Several advantages of FRC posts have contributed to their widespread use. Their modulus of elasticity is similar to dentin, allowing a uniform distribution of occlusal stresses in the root dentin and reducing the risk of catastrophic failures, such as root fractures [4]. Moreover, shade and partial translucency of FRC posts confer them favorable optical properties to reproduce the natural aspect in the restored teeth and enable light curing of dual-cure resin cements [5].

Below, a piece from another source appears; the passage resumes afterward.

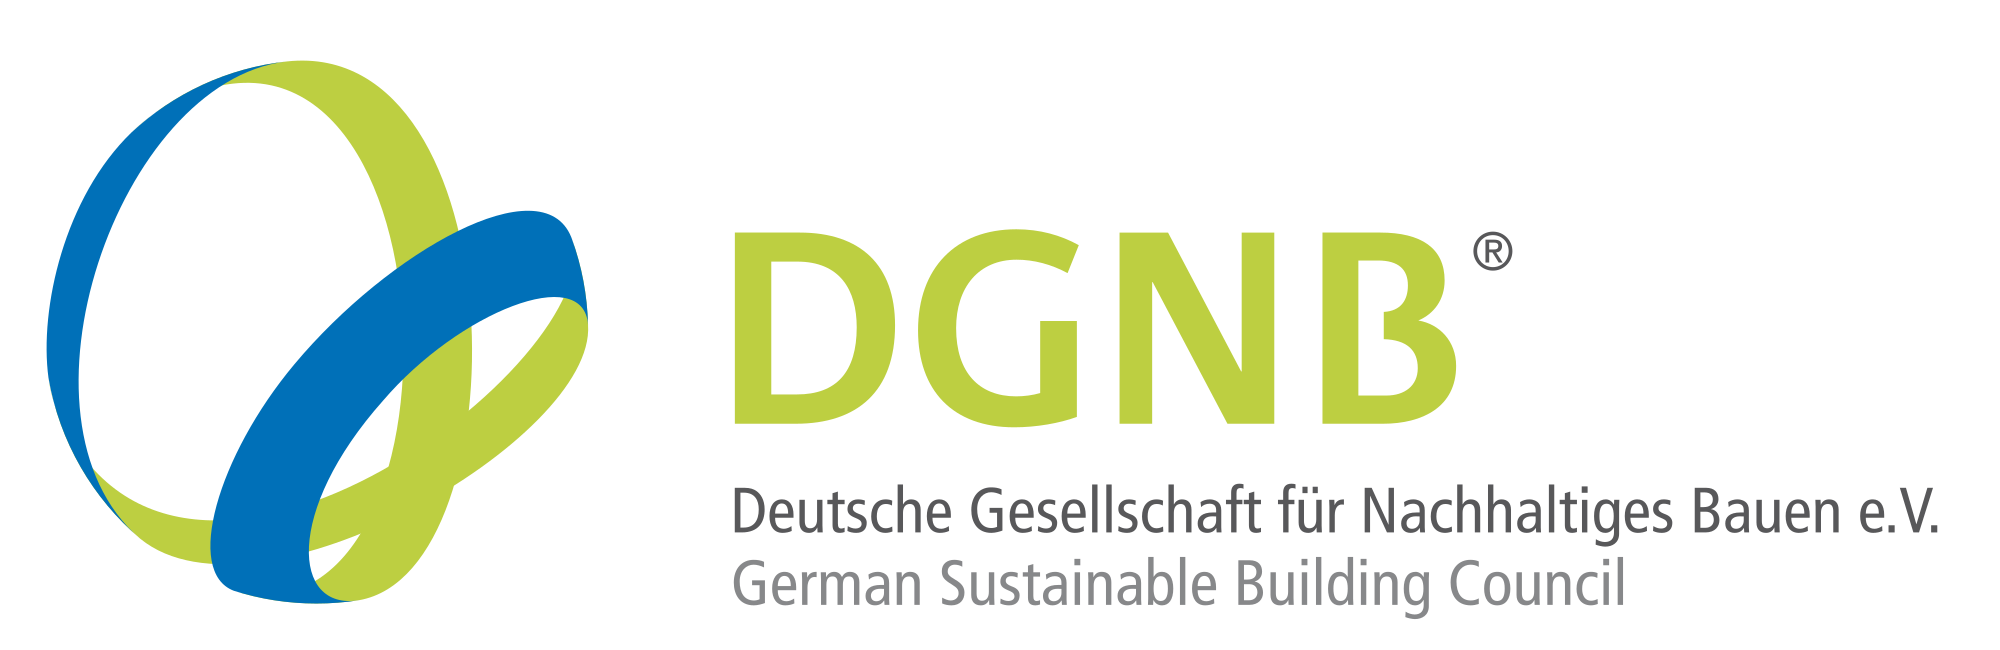 dgnb logo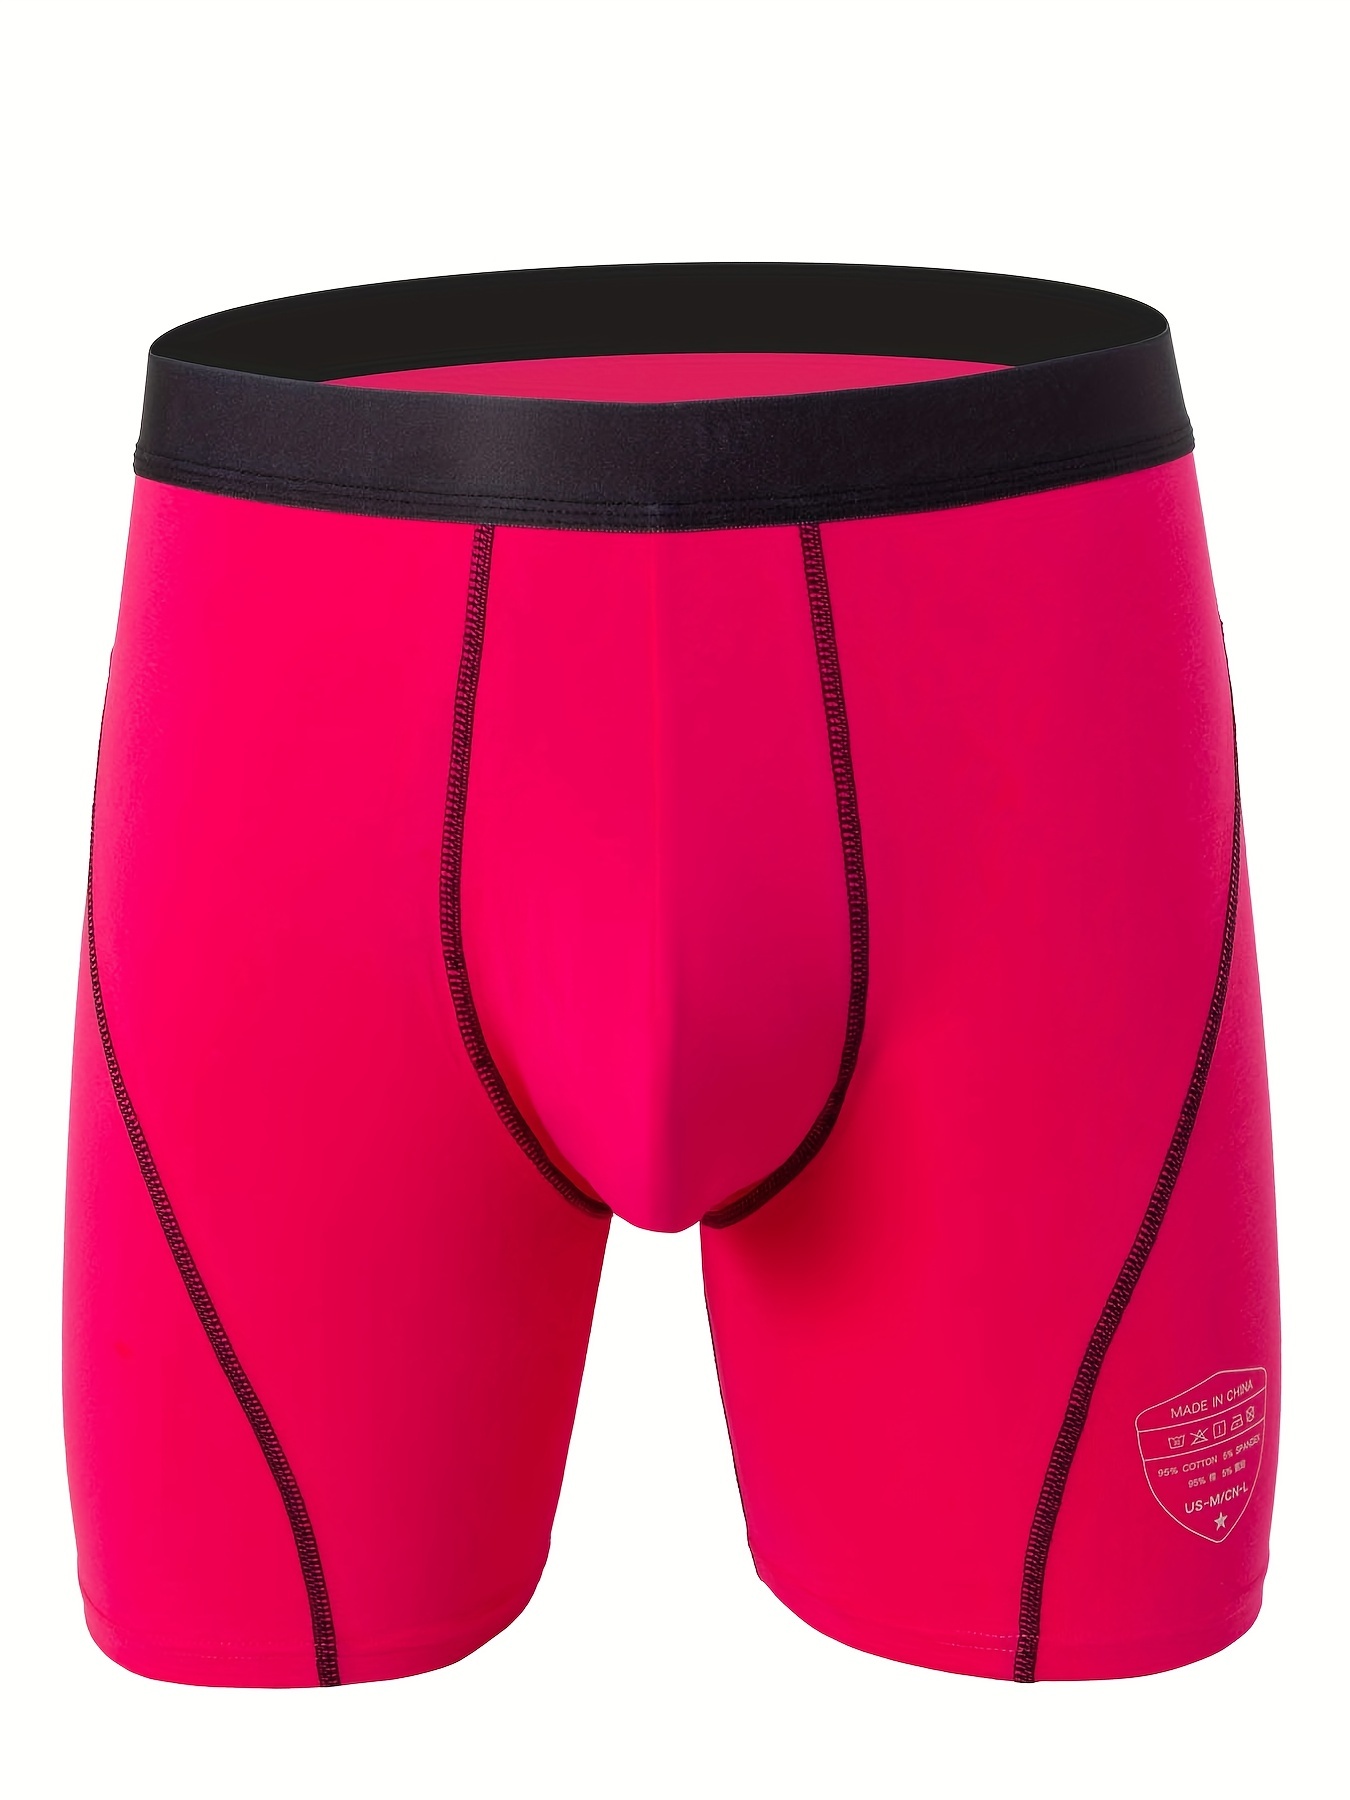 Pink Trunk Underwear - Made In USA

Presently, there are numerous dual-cured resin cements available to lute FRC posts, with self-adhesive resin cements (SARCs) being preferably chosen by clinicians [6]. Their attractiveness is based on their simplicity of use and their reduced technique and operator sensitivity, because no etching or denting bonding is required [6, 7]. Moreover, literature suggests that SARCs improve fiber posts retention in comparison with those resin cements that require more bonding steps [3, 6].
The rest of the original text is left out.